In 2020, SW Gas requested a $38.5 million rate increase. State utility regulators approved an increase of just $25.1 million, 35 percent less than the initial request. In 2021, the utility requested an increase of $30.5 million, and regulators approved an increase of just over $14 million — a decrease of 54 percent.
Gas company expanding into new territory
How are the utility’s Mesquite and Spring Creek expansions affecting statewide customer costs?
Spring Creek is not, according to Southwest Gas, while Mesquite is impacting Southern Nevada customers.
In December 2019, state regulators authorized the utility to expand its service to the Spring Creek area near Elko. The expansion, which served 1,500 people as of Feb. 16, has mechanisms in place so that only people in that region are paying for the expansion, Brown said.

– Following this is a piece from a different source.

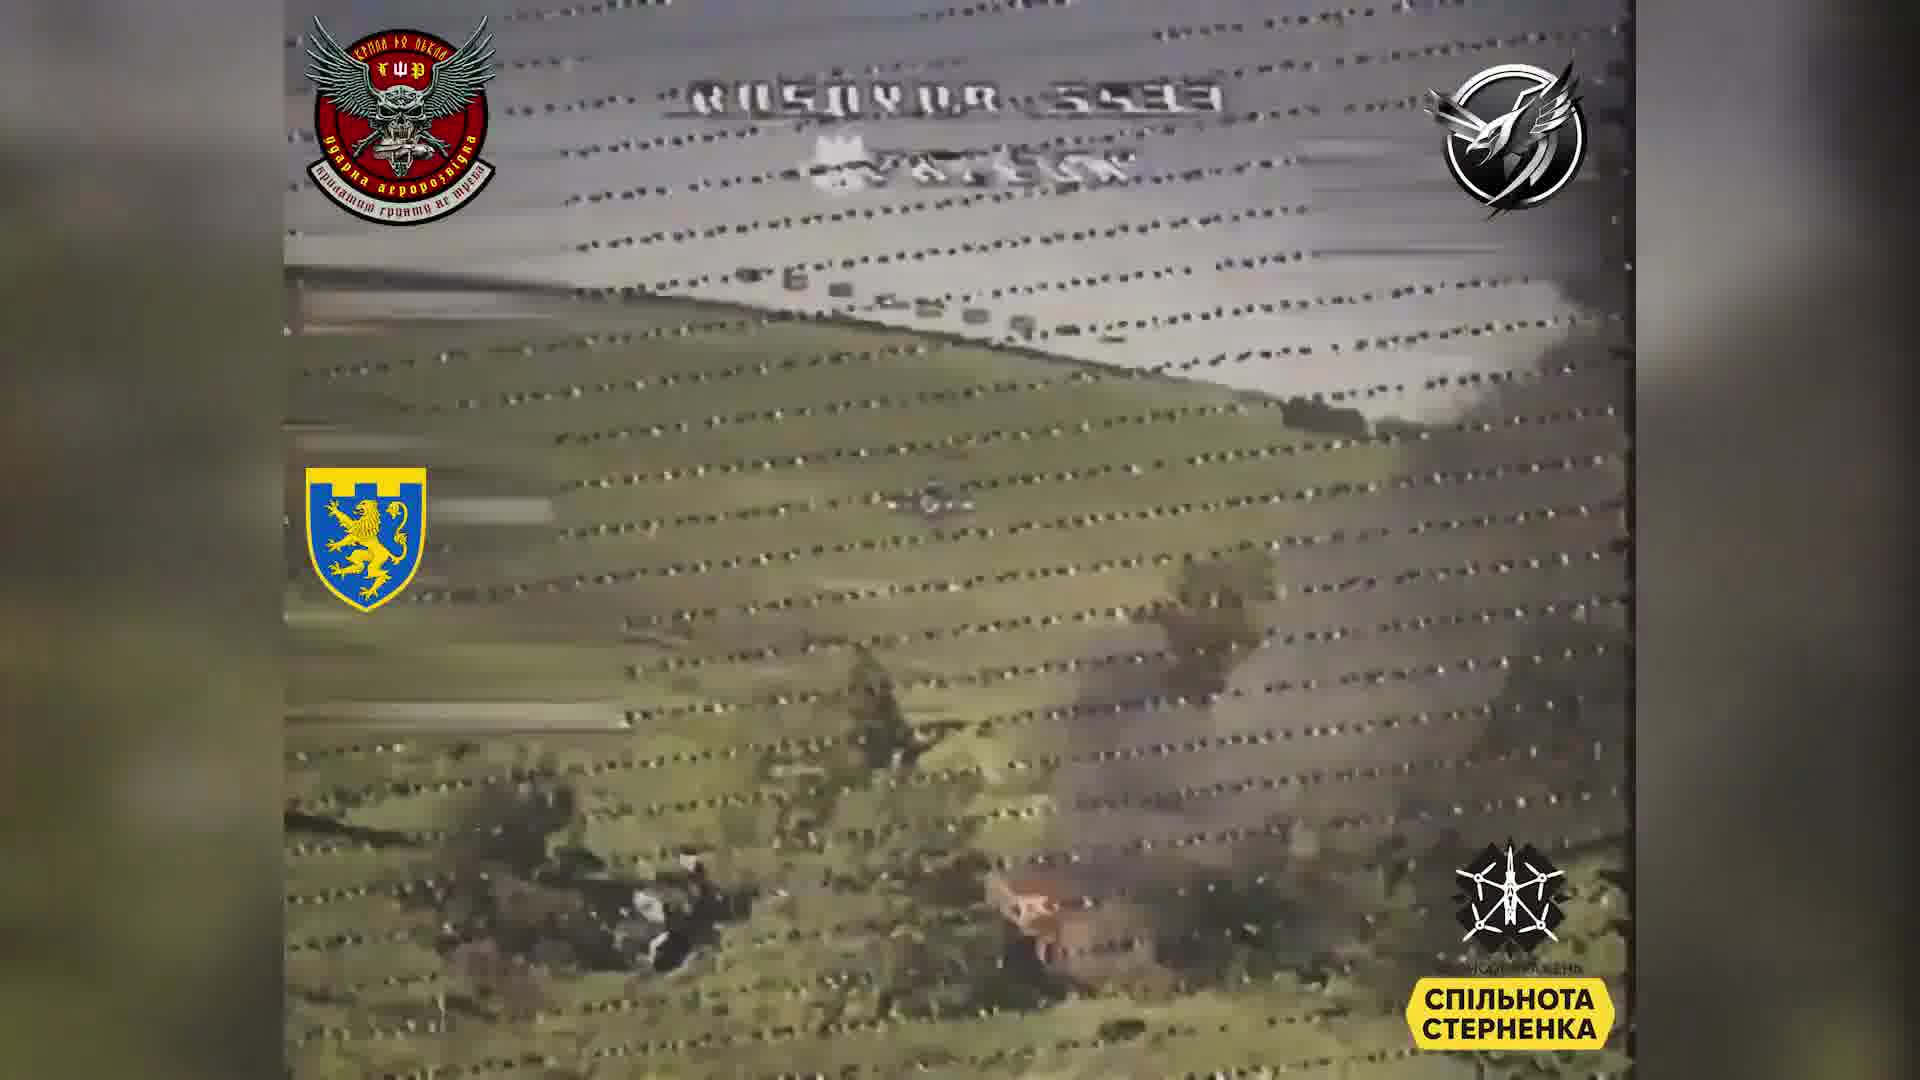 Oekraïense strijdkrachten hebben de Russische militaire colonne in de Koersk-regio van Rusland nabij de grens vernietigd

The year before, the utility regulators authorized Southwest Gas’ expansion into Mesquite, including 47 miles of pipeline, totaling $28 million.
Under SB151, passed in 2015, Southwest Gas can recover 98.5 percent of the costs related to the expansion from Southern Nevada customers and 1.5 percent from Mesquite customers.
The cost for the Mesquite expansion is built into Southern Nevada customer rates, Brown said.
Appeasing shareholders
The utility’s request for $74 million is based on a proposed 10 percent return on equity, up from its current 9.4 percent. The Bureau of Consumer Protection is recommending a 9.3 percent return on equity.
The company is also seeking a 10 percent return on investment — a way of showing profitability by comparing amounts paid to amounts earned — up from its current rate of 9.4 percent. In its filing with state regulators, Southwest Gas said that its existing charges do not provide reasonable return on its investment.
Brown argues those numbers are fair, despite protests from groups ranging from the AARP to the Nevada Conservation League, and that 10 percent is less than what the market is demanding. On behalf of Southwest Gas, consultant Dylan D’Ascendis said the company should be seeking a rate of return between 10.29 and 12.12 percent.
In written testimony, Daniel Lawton, an economist representing the Bureau of Consumer Protection, argued for a substantially lower number.
“The company’s proposed 10 percent return for equity shareholders is not supported by any financial model and is an overstatement of the required return on equity to hold and attract equity capital,” he said in the filing.